▸ **TASK STATEMENT**: Go through the following data and transcribe exactly the stretch of lines from the one holding "Es blieb also" to the one holding "Fiocchi di Riso", both included.

[Start of Attachment]

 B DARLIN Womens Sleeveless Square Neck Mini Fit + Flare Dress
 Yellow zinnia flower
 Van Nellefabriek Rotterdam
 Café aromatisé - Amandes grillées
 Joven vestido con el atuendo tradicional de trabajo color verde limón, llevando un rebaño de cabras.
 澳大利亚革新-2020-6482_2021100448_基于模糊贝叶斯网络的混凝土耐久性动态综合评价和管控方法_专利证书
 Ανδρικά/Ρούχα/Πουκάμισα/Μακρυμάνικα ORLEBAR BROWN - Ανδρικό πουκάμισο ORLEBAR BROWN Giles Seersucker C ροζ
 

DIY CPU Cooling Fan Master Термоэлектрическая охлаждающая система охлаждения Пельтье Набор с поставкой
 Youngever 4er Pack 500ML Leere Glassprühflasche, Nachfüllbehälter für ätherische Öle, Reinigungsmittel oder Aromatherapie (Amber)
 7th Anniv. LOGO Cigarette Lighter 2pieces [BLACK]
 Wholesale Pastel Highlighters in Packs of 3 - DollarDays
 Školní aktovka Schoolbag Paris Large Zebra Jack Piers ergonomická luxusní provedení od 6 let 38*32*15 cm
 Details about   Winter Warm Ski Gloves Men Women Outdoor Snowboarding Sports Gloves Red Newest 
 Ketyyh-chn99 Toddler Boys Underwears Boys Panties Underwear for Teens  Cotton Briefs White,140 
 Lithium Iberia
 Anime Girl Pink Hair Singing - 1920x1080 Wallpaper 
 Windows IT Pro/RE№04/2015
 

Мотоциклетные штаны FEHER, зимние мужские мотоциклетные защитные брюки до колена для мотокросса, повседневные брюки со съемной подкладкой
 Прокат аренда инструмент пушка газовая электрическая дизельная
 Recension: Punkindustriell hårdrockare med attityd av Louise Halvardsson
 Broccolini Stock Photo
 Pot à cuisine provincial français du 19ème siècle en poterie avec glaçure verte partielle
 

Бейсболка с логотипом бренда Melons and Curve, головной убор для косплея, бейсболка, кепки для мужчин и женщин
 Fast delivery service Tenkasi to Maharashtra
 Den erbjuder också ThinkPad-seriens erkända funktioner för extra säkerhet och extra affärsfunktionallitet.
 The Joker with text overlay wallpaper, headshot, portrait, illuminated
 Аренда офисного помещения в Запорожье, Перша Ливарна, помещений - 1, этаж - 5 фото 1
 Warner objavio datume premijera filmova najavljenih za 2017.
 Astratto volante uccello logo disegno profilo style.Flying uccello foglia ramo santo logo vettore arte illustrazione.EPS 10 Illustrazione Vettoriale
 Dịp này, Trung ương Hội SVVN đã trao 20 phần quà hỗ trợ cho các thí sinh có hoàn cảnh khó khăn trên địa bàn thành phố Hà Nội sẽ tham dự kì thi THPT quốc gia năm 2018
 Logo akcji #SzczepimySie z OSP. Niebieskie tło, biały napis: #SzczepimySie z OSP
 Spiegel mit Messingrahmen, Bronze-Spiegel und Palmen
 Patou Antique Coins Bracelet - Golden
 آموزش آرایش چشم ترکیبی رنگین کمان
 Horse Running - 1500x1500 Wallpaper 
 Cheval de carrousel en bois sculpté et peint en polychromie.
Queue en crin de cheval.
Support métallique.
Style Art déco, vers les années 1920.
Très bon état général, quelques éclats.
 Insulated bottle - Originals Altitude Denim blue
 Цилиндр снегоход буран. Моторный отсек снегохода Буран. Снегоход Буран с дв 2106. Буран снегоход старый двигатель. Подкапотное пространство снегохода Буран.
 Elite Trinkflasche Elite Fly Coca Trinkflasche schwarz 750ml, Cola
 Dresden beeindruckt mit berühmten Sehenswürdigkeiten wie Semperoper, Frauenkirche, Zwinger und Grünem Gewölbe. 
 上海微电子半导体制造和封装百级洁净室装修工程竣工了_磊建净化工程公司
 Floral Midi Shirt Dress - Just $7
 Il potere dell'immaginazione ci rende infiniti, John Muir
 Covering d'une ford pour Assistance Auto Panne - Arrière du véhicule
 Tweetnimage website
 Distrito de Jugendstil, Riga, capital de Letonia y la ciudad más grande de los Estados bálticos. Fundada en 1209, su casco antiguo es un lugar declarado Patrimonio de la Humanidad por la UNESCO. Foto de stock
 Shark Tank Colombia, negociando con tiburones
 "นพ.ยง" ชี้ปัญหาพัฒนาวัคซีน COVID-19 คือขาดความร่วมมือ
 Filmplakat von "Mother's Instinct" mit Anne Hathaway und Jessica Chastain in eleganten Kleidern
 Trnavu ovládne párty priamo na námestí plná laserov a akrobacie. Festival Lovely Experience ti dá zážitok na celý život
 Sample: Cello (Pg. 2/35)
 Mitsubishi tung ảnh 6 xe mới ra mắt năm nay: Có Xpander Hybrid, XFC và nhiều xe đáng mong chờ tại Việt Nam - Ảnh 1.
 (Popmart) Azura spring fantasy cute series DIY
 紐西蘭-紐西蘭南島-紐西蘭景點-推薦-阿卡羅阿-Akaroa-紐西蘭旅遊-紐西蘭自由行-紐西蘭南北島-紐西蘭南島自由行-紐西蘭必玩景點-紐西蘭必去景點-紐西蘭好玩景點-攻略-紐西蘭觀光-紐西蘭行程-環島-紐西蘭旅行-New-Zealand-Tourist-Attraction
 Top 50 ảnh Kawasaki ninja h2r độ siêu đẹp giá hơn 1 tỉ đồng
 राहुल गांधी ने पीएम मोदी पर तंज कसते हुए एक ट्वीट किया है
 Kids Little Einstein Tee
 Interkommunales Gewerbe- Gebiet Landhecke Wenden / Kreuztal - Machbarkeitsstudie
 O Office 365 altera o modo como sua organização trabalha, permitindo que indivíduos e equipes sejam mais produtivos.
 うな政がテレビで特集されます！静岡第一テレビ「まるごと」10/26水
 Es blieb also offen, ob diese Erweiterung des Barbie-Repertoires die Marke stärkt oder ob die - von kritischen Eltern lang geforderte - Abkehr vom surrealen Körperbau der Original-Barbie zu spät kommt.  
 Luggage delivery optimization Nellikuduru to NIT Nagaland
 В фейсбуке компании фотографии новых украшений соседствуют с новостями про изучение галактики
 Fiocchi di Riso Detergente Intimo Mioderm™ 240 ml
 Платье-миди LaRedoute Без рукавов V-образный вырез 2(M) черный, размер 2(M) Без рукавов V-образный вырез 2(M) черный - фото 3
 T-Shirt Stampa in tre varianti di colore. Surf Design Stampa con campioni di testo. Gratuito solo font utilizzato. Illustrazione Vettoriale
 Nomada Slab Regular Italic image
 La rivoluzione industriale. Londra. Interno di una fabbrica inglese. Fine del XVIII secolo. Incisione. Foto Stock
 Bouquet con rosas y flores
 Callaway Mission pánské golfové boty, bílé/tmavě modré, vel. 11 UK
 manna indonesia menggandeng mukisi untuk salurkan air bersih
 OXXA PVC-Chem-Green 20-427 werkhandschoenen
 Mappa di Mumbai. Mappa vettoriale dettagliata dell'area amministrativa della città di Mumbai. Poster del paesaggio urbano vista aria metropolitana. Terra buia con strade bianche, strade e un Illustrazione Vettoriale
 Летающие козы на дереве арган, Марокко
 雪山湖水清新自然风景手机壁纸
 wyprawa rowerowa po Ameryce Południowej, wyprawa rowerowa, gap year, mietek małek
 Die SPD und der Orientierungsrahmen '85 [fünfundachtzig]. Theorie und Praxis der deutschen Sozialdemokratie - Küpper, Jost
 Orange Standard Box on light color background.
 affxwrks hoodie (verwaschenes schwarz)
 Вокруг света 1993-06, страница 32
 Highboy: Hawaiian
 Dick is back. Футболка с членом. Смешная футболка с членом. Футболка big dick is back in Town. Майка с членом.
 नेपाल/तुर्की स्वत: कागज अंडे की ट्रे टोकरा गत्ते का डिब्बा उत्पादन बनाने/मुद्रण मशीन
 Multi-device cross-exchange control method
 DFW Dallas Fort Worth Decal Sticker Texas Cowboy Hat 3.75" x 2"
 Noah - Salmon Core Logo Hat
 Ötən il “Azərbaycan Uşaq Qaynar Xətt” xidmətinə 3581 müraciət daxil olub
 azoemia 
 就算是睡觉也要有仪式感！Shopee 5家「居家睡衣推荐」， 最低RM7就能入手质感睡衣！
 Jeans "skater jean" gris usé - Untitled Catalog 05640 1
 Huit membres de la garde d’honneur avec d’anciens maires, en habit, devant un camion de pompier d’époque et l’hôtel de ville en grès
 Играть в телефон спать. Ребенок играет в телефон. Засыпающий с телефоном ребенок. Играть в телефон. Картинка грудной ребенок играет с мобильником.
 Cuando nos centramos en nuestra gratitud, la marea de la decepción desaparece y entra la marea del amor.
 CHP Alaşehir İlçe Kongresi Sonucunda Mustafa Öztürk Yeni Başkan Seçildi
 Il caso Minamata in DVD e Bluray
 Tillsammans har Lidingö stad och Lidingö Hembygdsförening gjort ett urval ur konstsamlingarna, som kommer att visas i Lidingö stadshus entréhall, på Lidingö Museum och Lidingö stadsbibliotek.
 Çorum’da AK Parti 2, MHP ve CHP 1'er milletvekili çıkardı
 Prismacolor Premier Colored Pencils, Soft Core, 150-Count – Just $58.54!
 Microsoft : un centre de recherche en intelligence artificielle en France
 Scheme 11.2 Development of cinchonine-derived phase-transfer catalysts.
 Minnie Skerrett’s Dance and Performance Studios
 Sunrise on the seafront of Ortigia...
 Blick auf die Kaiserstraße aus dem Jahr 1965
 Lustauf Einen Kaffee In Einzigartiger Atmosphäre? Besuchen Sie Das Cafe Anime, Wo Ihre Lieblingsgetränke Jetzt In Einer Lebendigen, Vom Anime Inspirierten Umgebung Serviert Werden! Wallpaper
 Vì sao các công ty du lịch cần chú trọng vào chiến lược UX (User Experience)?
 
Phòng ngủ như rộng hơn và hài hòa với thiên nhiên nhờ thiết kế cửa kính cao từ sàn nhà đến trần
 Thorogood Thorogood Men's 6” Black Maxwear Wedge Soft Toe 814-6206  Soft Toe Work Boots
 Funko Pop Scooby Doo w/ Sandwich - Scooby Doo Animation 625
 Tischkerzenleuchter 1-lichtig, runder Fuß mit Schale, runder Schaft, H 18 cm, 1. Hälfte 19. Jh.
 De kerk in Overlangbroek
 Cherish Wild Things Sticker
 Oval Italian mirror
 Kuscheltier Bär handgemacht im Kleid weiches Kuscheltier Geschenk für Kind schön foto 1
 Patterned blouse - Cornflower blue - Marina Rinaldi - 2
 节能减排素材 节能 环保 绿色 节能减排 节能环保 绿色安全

[End of Attachment]

▸ **WRITTEN ANSWER**:
 Es blieb also offen, ob diese Erweiterung des Barbie-Repertoires die Marke stärkt oder ob die - von kritischen Eltern lang geforderte - Abkehr vom surrealen Körperbau der Original-Barbie zu spät kommt.  
 Luggage delivery optimization Nellikuduru to NIT Nagaland
 В фейсбуке компании фотографии новых украшений соседствуют с новостями про изучение галактики
 Fiocchi di Riso Detergente Intimo Mioderm™ 240 ml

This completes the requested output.